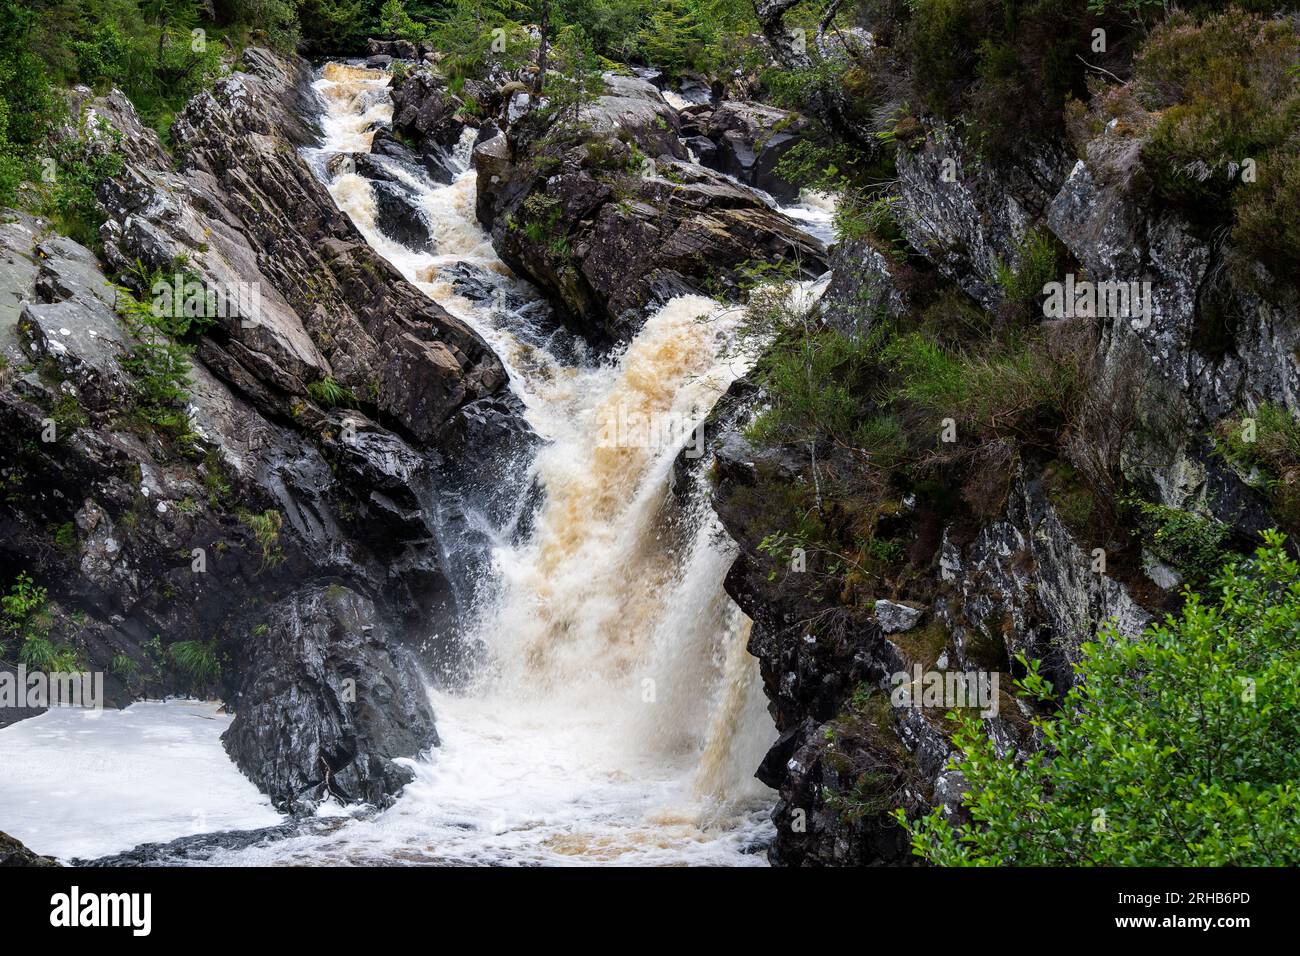 Rogie Falls on the Black Water nel Ross-shire nelle Highlands scozzesi, Regno Unito Foto Stock
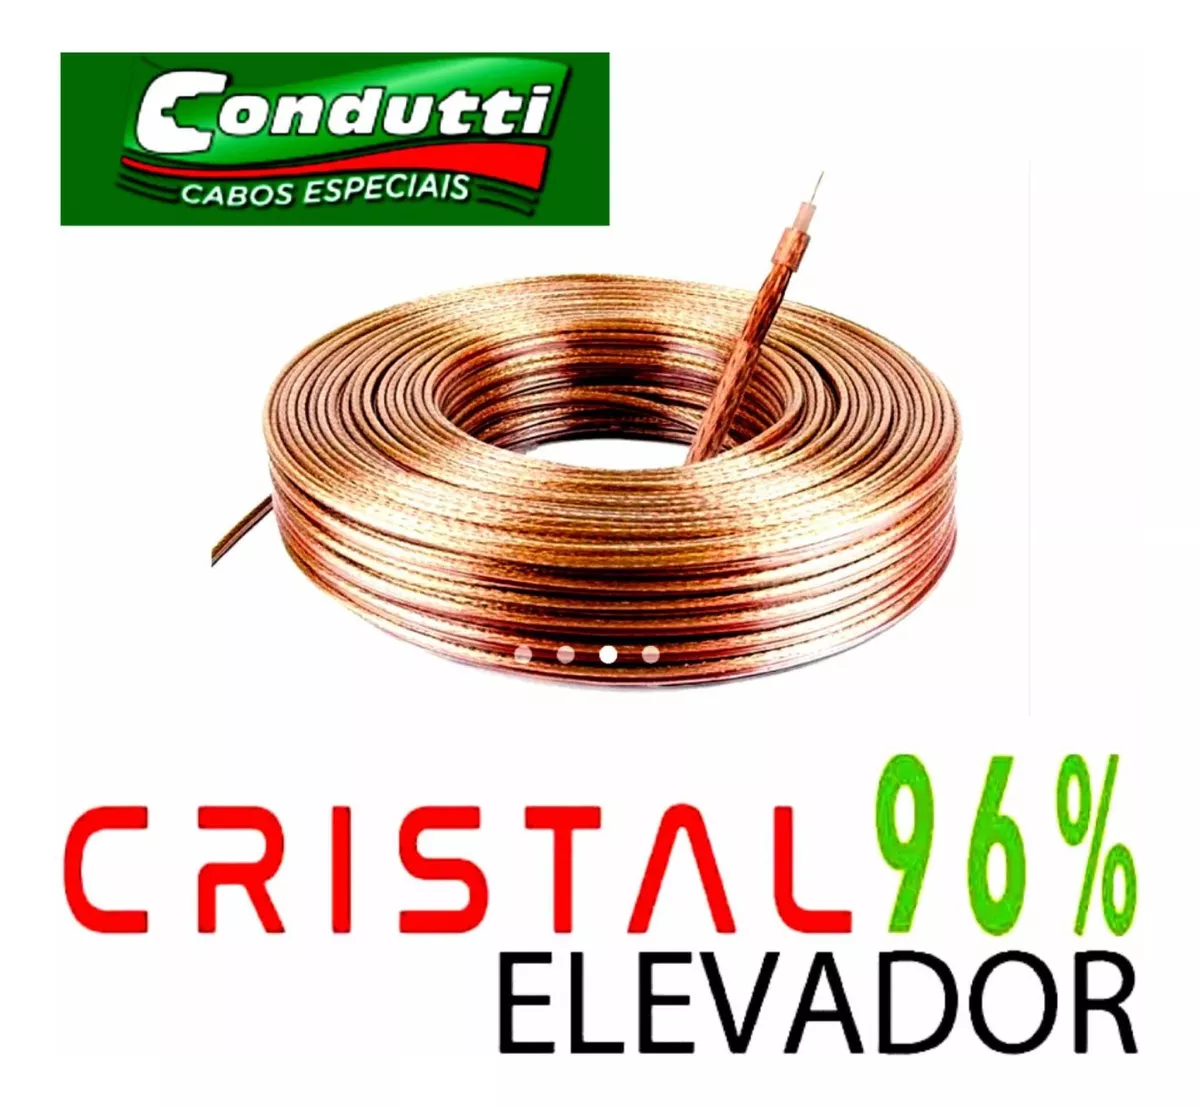 01 Rolox100m Cabo Coaxial Rg-59 6,00mm Elevador Cristal 96% 
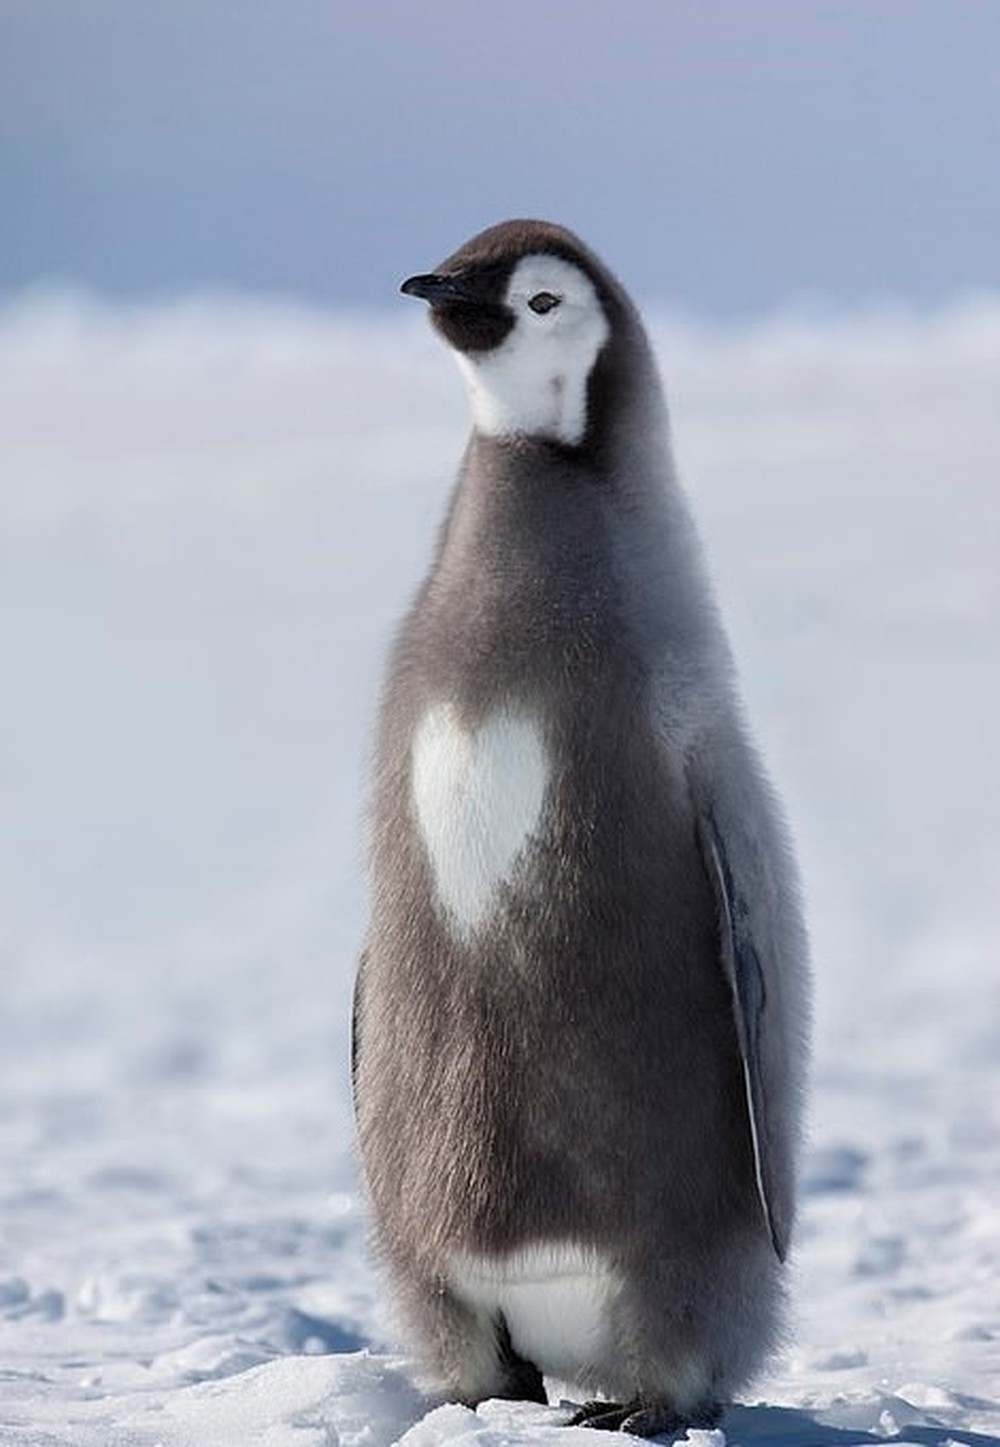 Hình ảnh một chú chim cánh cụt con đang nhìn vào thứ gì đó
————
## WHAT THE EXERCISE ASKS
Please set down each line of the listing above word for word, skipping any pictures.

## EXERCISE OUTPUT
 Rogie Falls on the Black Water nel Ross-shire nelle Highlands scozzesi, Regno Unito Foto Stock
 01 Rolox100m Cabo Coaxial Rg-59 6,00mm Elevador Cristal 96% 
 Hình ảnh một chú chim cánh cụt con đang nhìn vào thứ gì đó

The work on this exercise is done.